= List of football clubs in Romania by major honors won =

This is a List of major honours won by football clubs in Romania. It lists all the Romanian football clubs who have won a domestic or European Trophy. FCSB is the most decorated side in Romanian football, holding the record number of wins in every single internal competition, and being the only Romanian club to have obtained continental honours. (Note: Subject to legal challenge: see Steaua București football records dispute)

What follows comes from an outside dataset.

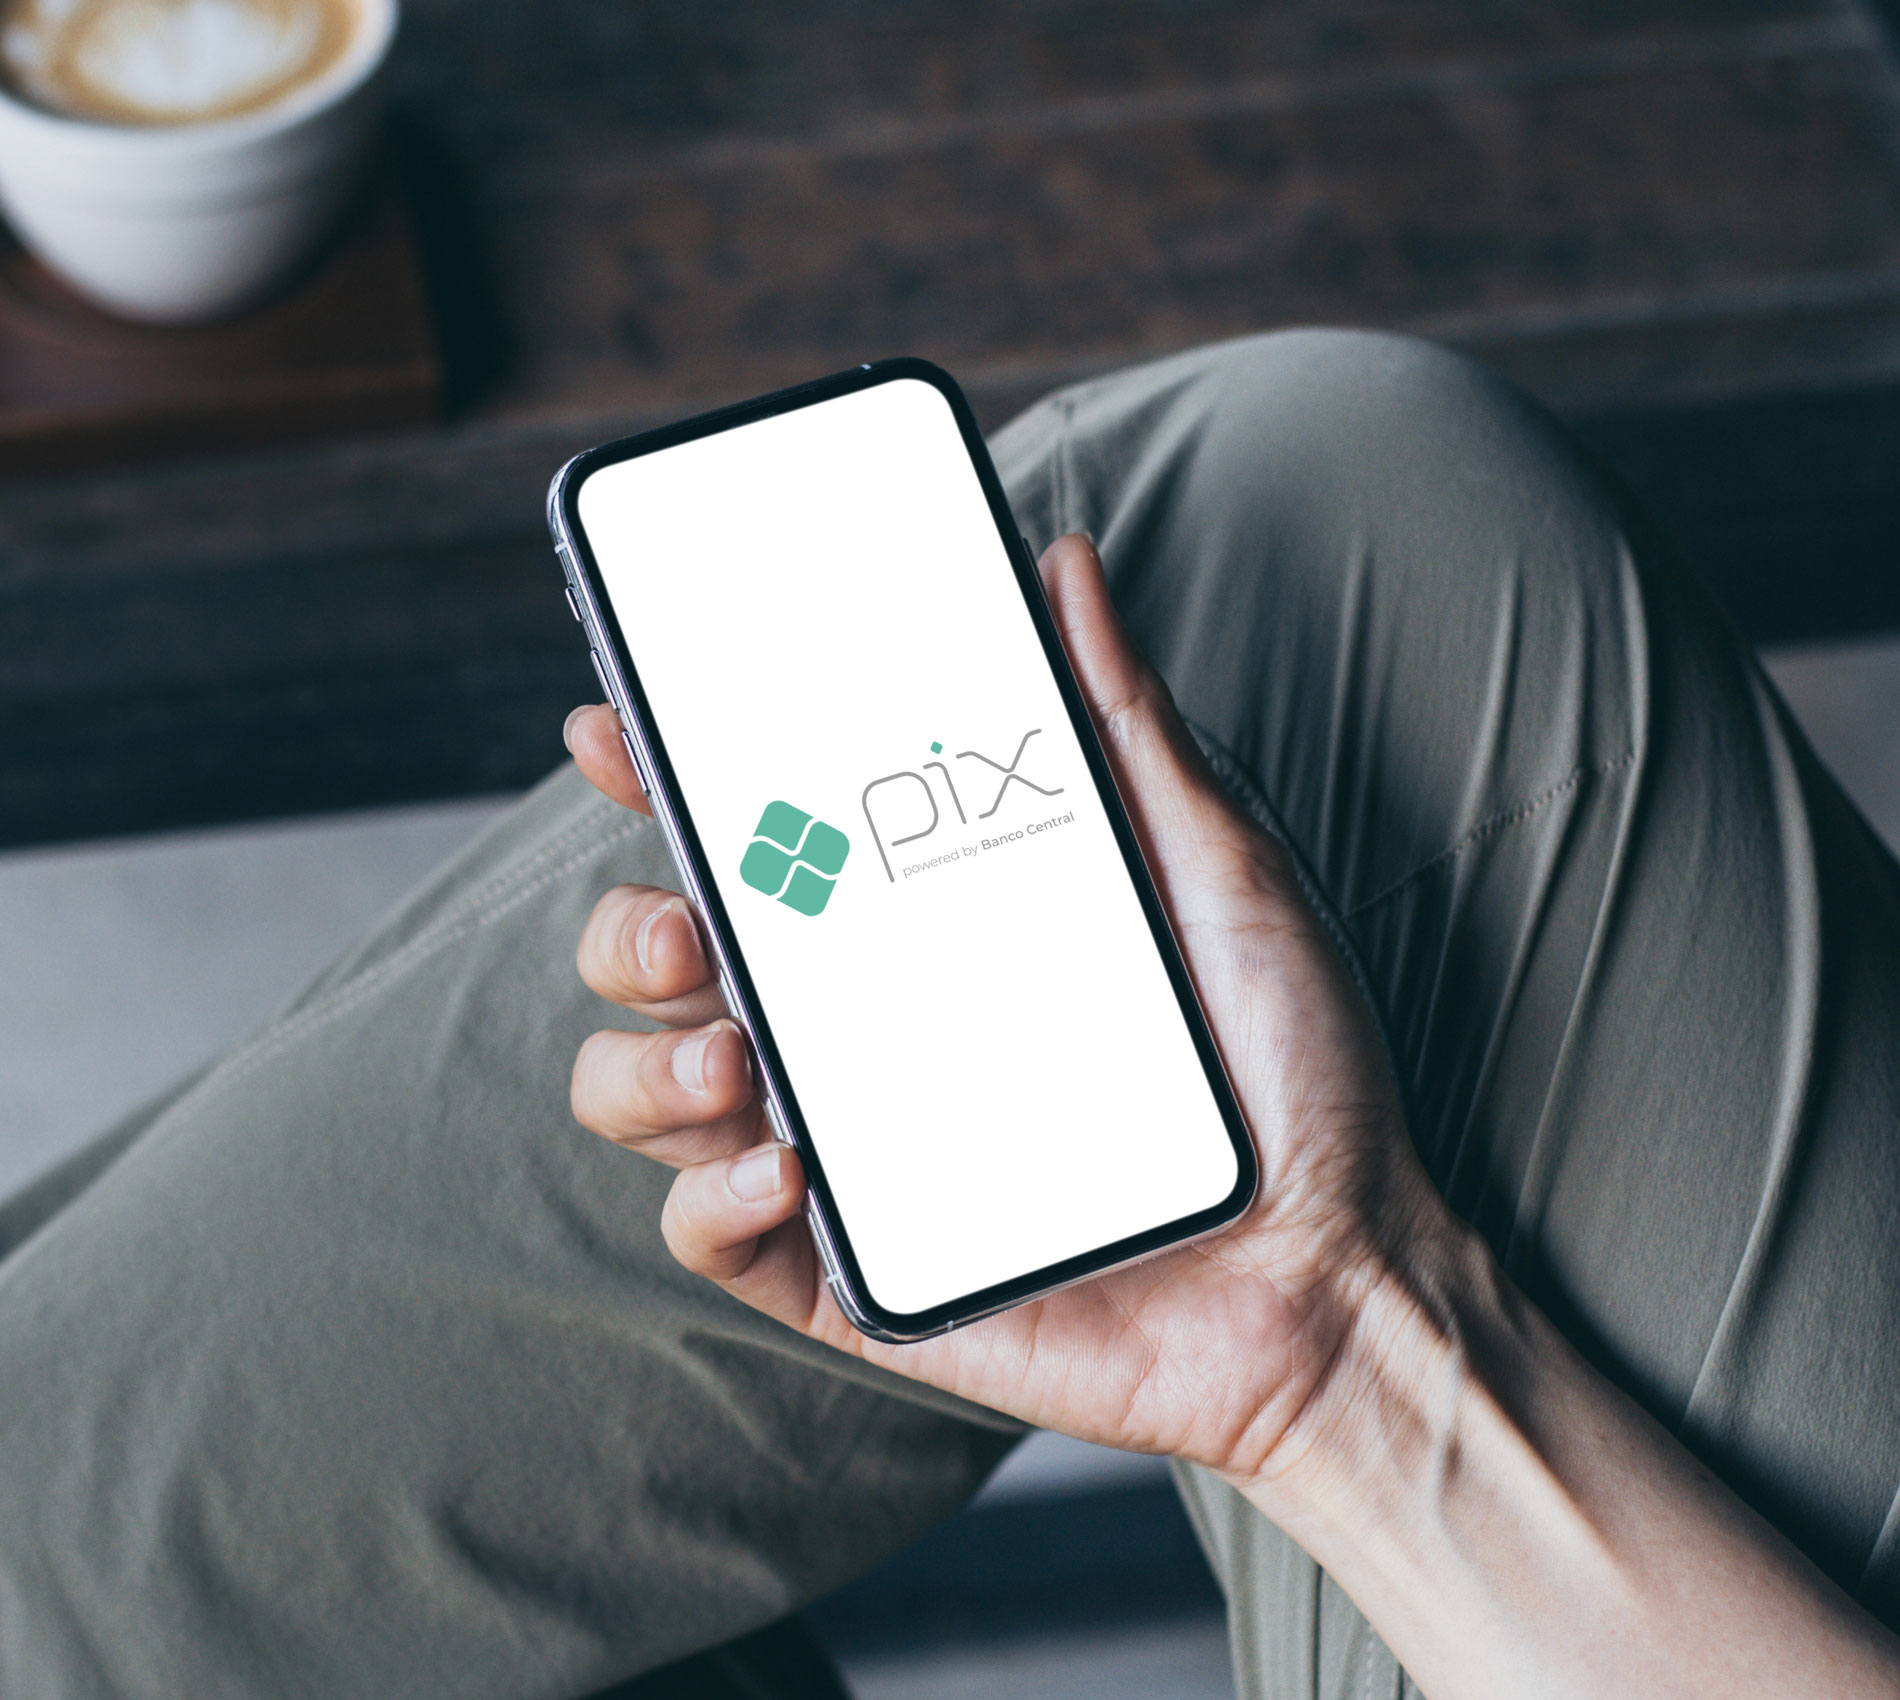 Central Bank of Brazil announces Pix Cobrança and Pix API, the instant payment’s new functionalities

Note: This list does not include the UEFA Intertoto Cup which was won by Oţelul Galaţi (2007) and Vaslui (2008) as they are not classified as outright winners by UEFA having failed to have the best run in the UEFA Cup out of the teams that had won the competition in those respective seasons.

==Honours table==

Teams in Italics no longer exist.

Teams in Bold compete in the 2026–27 Liga I season.

This table is updated as of July 2026, following U Craiova winning the 2026 Supercupa României.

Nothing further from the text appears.